1) вера; 2) чувство государственного единства, любовь к власти; 3) сознание народности и уверенность в том, что «всякое образование может у нас тогда только пустить прочный корень, когда усвоится нашим народным чувством и скажется народной мыслью и словом». Это чувство противостоит чуждому влиянию. Уваров выразил это кратко и положил в основу образования умов.
Запад по какому-то странному инстинкту не любит этих чувств наших и при всяком случае выражает нам свою нелюбовь, «похожую даже на какую-то ненависть».
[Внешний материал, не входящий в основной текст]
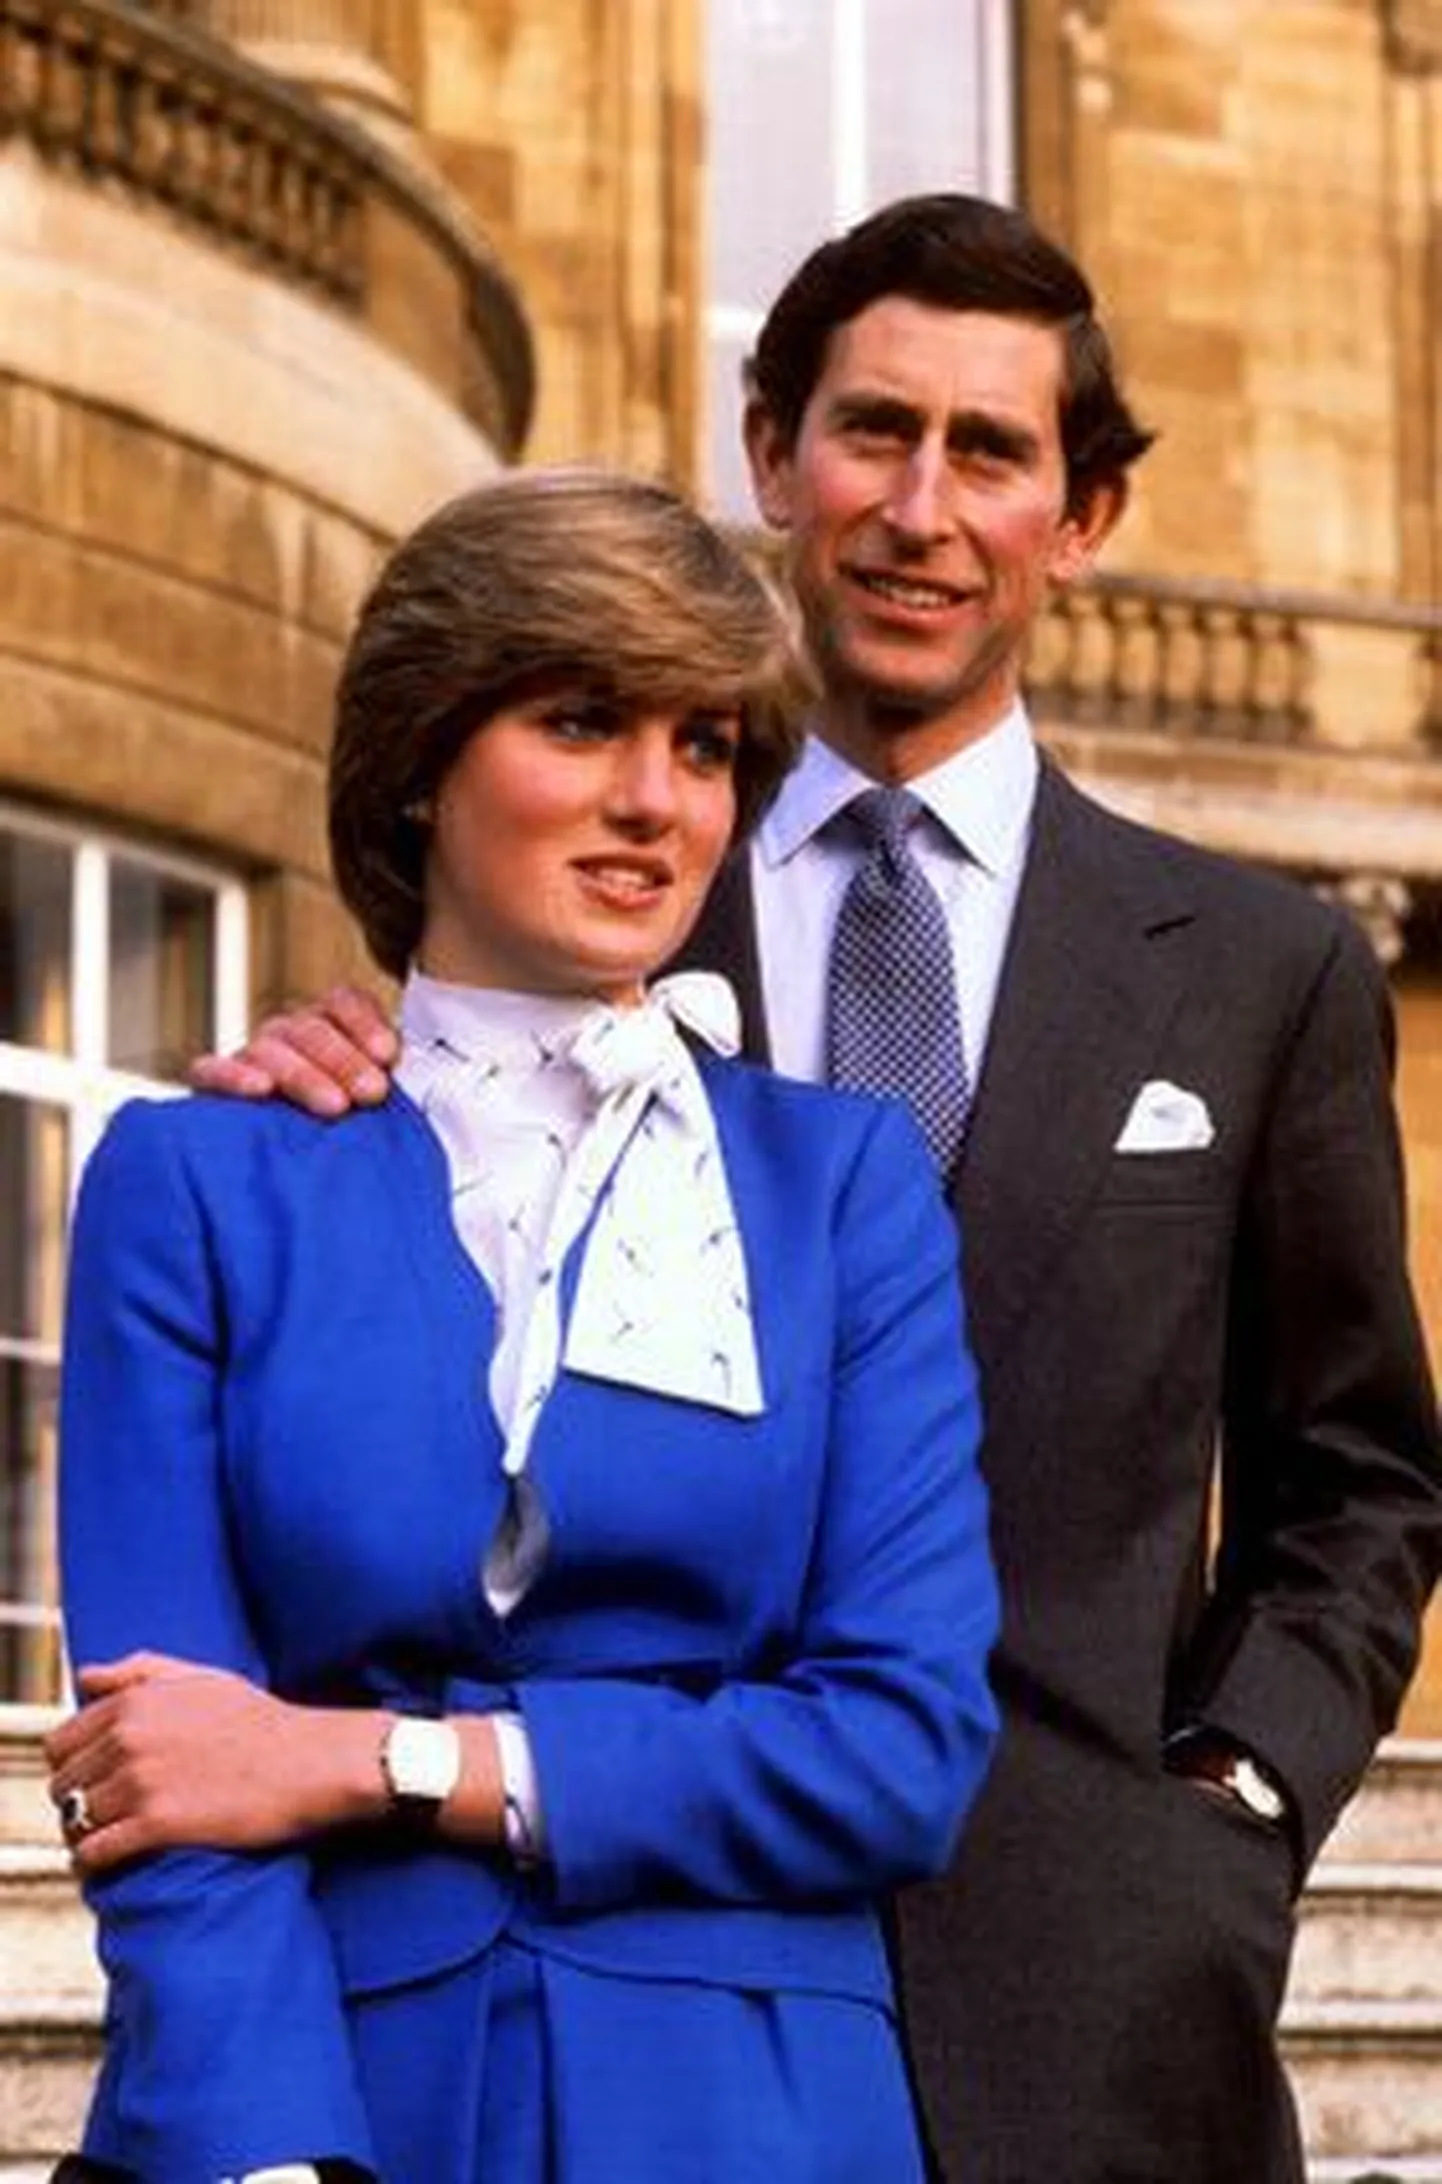 Prints Charles ja Diana 1981. aastal kihluse väljakuulutamisel

С. П. Шевырев заканчивает статью выразительным призывом: «Да сохранит Россия на благо всему человечеству все сокровища западного прошлого, да отринет благоразумно все то, что служит к разрушению… да найдет в самой себе и в своей прежней жизни источник своенародный, в котором все чужое, но человечески прекрасное сольется с Русским духом, духом обширным, вселенским, Христианским,
Если внимательно рассмотреть приведенные обширные цитаты (мы специально цитировали много, так как эта статья вызвала и вызывает ярко отрицательную оценку у многих исследователей), то можно увидеть, что отрицание Шевырева касается отнюдь не всей западноевропейской культуры, но тех ее элементов, которые отрицательно влияют на нравственность поколений, на их способность к созидательному труду на благо родины. Он призывает Россию сохранить те положительные элементы культуры, которые постепенно вытесняются и подменяются новыми. Общеевропейское для Шевырева – это христианское, вселенское. Определяя понятие «самобытность национальной культуры», С. П. Шевырев утверждал, что оно не сводится к ее непохожести на другие. Он связывает самобытность с некоторой особой миссией, которую выполняет национальная культура в общем процессе развития мировой культуры.
В пагубности бездумных заимствований европейских культурных реалий уверен и В. Ф. Одоевский.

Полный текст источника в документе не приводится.